The Care Quality Commission would like to take over responsibility for patient safety in the health service, despite NHS England gaining responsibility for it as recently as April, it emerged yesterday.
The possibility that MPs would urge the health secretary to amend the Care Bill to implement such a move emerged yesterday at a Commons health committee hearing when the parliamentary body’s chair Stephen Dorrell questioned the CQC’s chief executive David Behan and chair David Prior.
Mr Dorrell asked: “If this committee were to commend to the house an amendment to one of these bits of legislation coming through having that [patient safety responsibility was given to the CQC] would you be supportive of it?
Mr Prior replied: “In principle we feel that it is something that ought to be with us, not NHS England.”
Nursing Times has previously spoken to patient safety leaders who believe it is wrong that a commissioning organisation such as NHS England oversees the National Reporting and Learning System, the body to which ‘never events’ are reported. It was previously hosted by the National Patient Safety Agency until the organisation was abolished in 2011 and its functions transferred to NHS England. In his report into care failings at Mid Staffordshire Foundation Trust, Robert Francis QC recommended the NRLS should be hosted by the Health and Social Care Information Centre rather than NHS England.
Later in the hearing, committee member David Tredinnick said whistleblowers could not expose poor care because NHS trusts operated under “a kind of mafia code…where you do anything against the status quo of the organisation and you are finished”. He added: “That is something that surely needs to be broken.”

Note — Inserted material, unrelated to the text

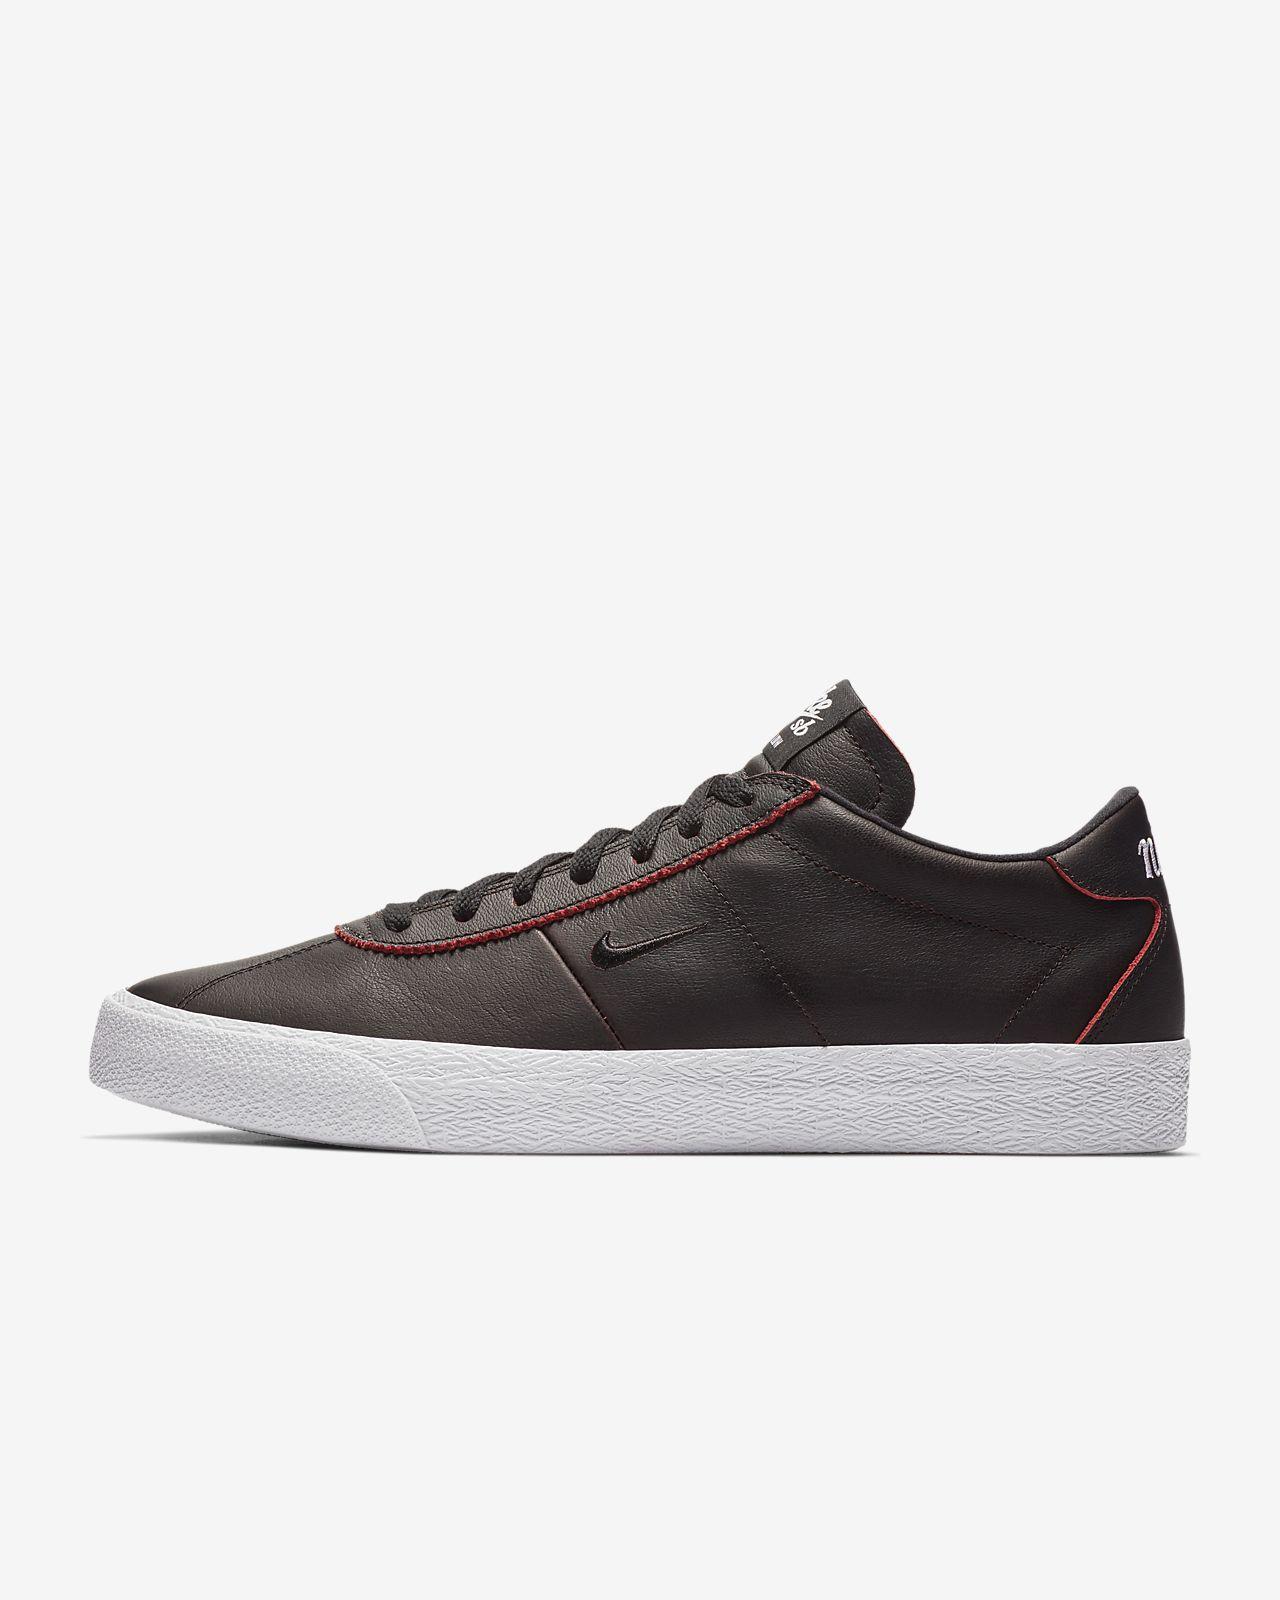 premium selection a1095 b1c8b Low Resolution Nike SB Zoom Bruin NBA Zapatillas de skateboard Nike SB Zoom  Bruin NBA Zapatillas de skateboard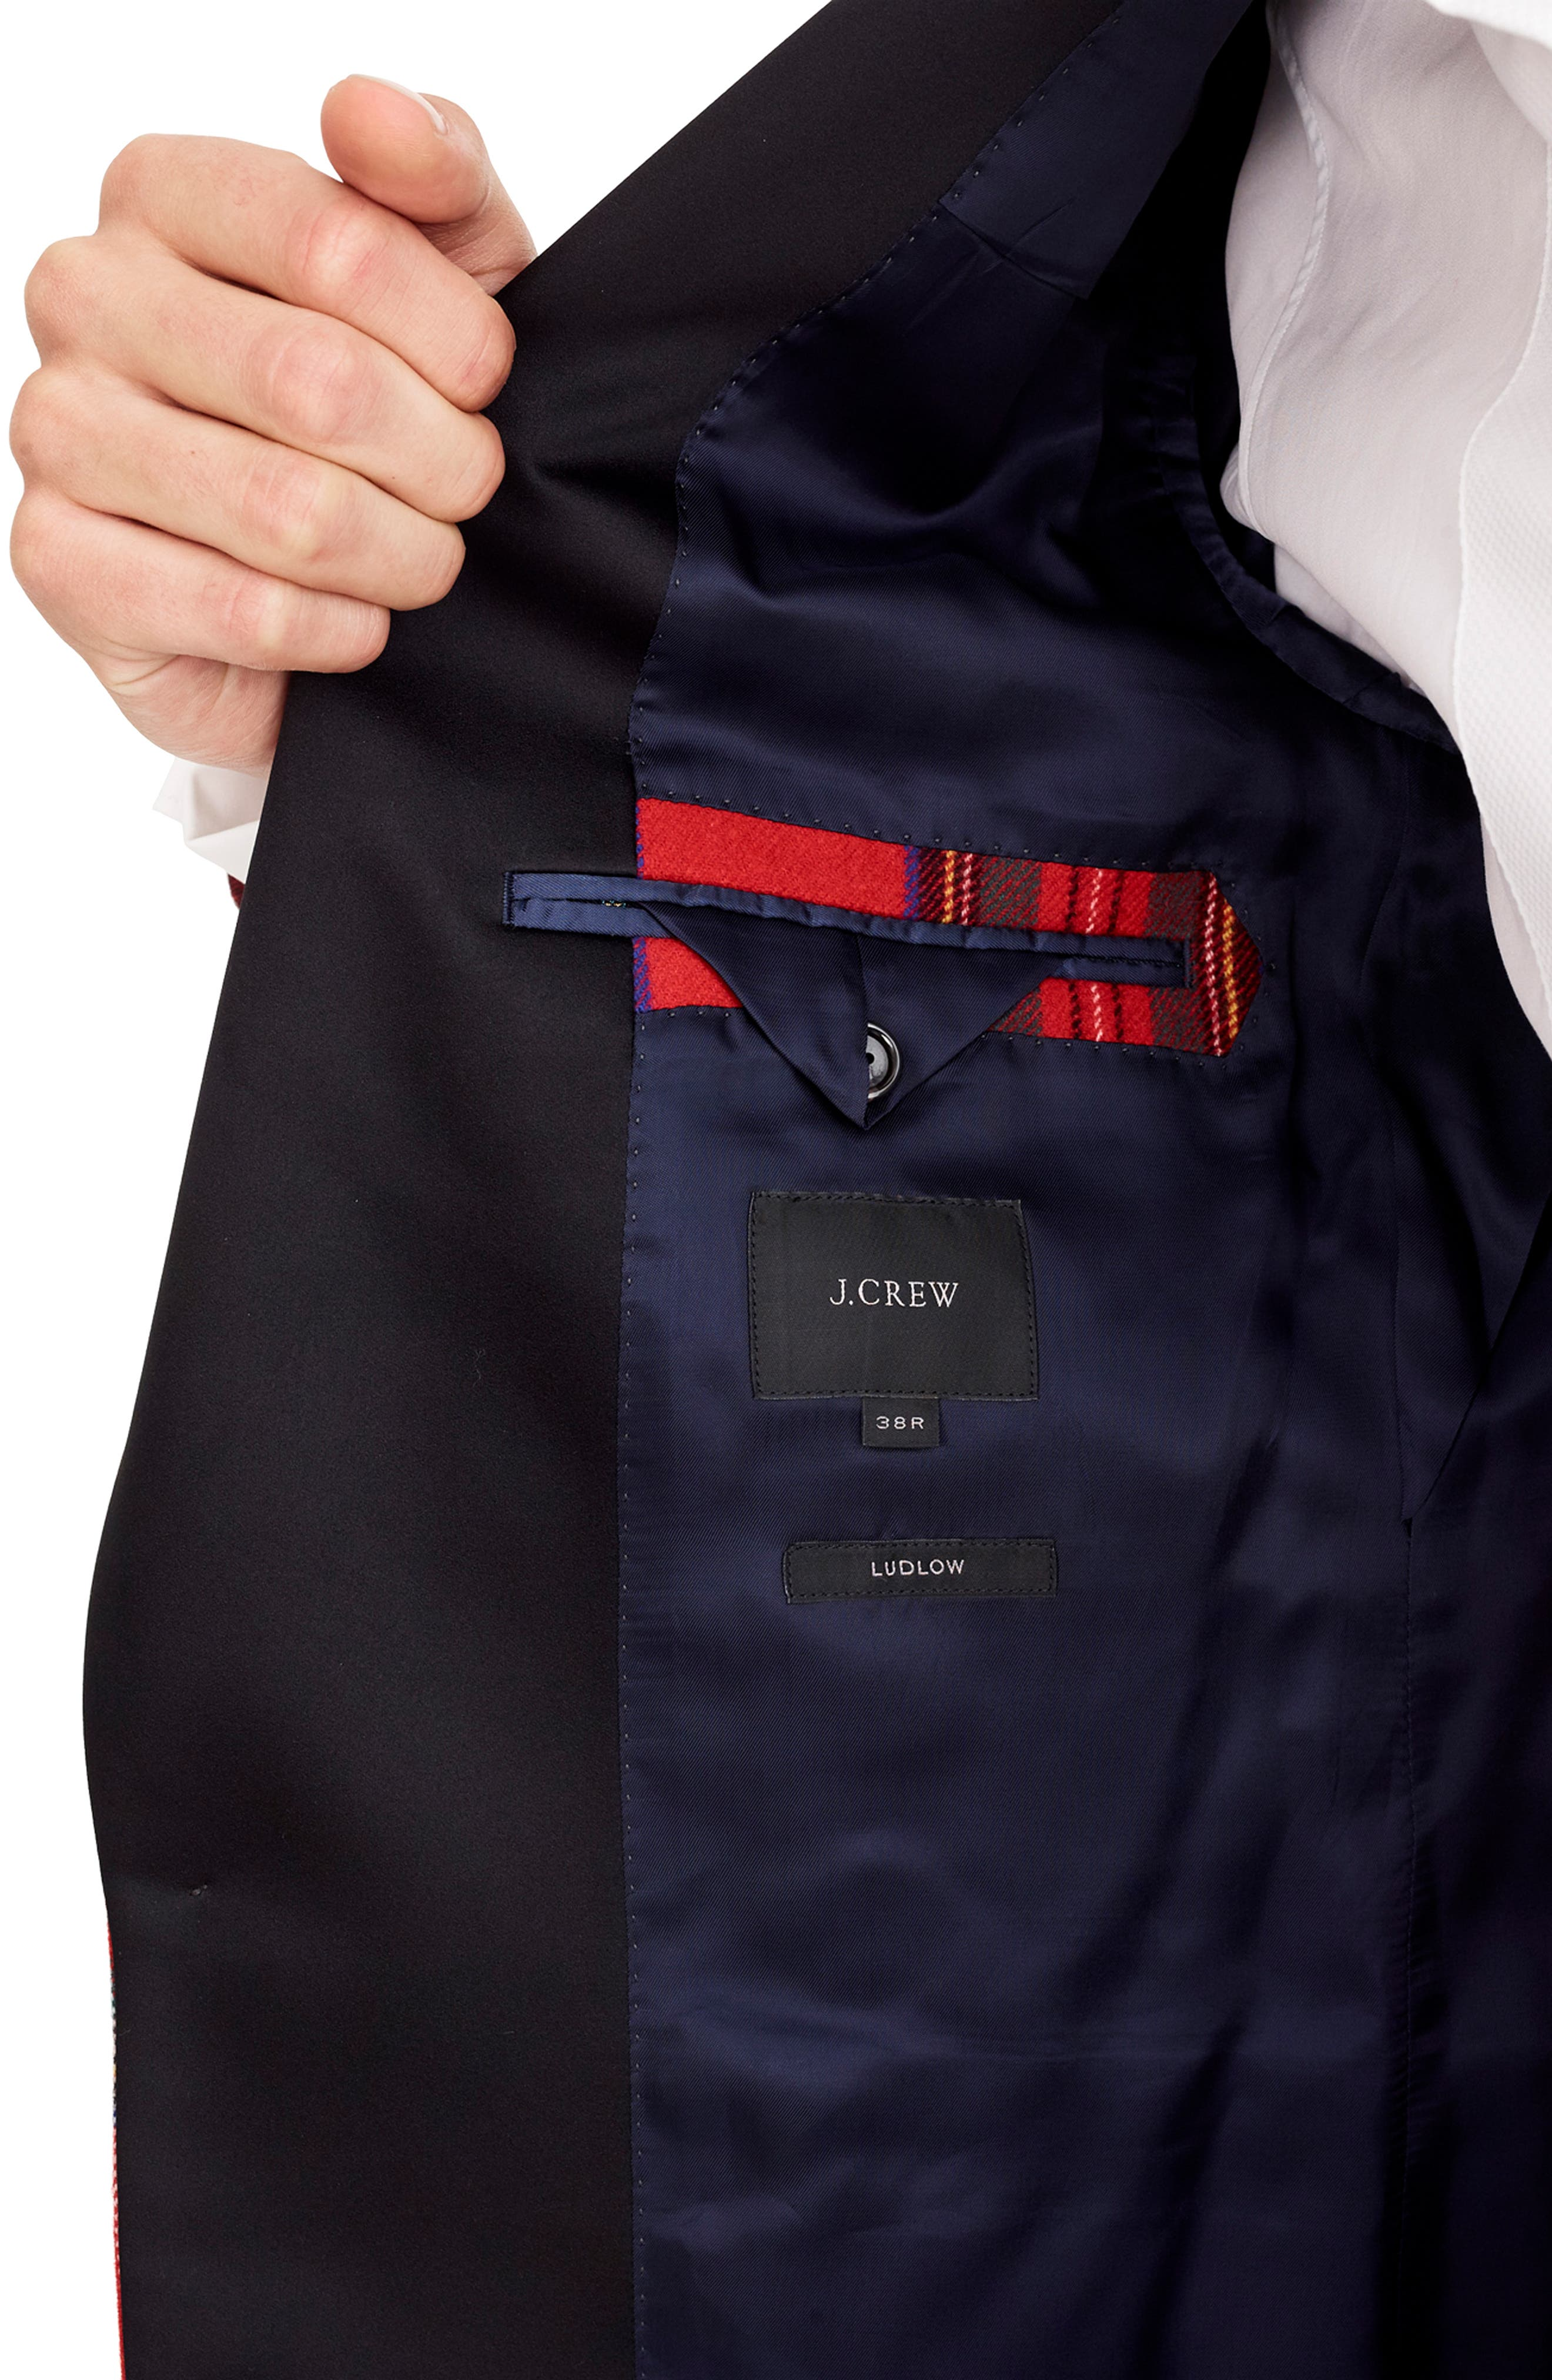 J.CREW,                             Ludlow Slim Fit Tartan Wool Blend Dinner Jacket,                             Alternate thumbnail 4, color,                             600

Mr Prior agreed that there had been a culture of fear in the NHS over speaking out in the past. In the case of Mid Staffordshire Foundation Trust, he said: “The most chilling phrase, after the Francis report into Mid Staffs, was a very distinguished clinician saying ‘Where were the doctors?’.”
He added: “For years this dreadful care went on and no doctor put his head above the parapet. Why is that? In part, the answer is they are frightened. Even if you an alpha male surgeon you are frightened.”
Mr Prior expanded upon the CQC’s new active approach to whistleblowers, as revealed by HSJ last week. He said: “I think how we enable people to raise concerns with us at a much earlier stage in confidence is incredibly important and we have set up a new committee of our board to look precisely at this issue.”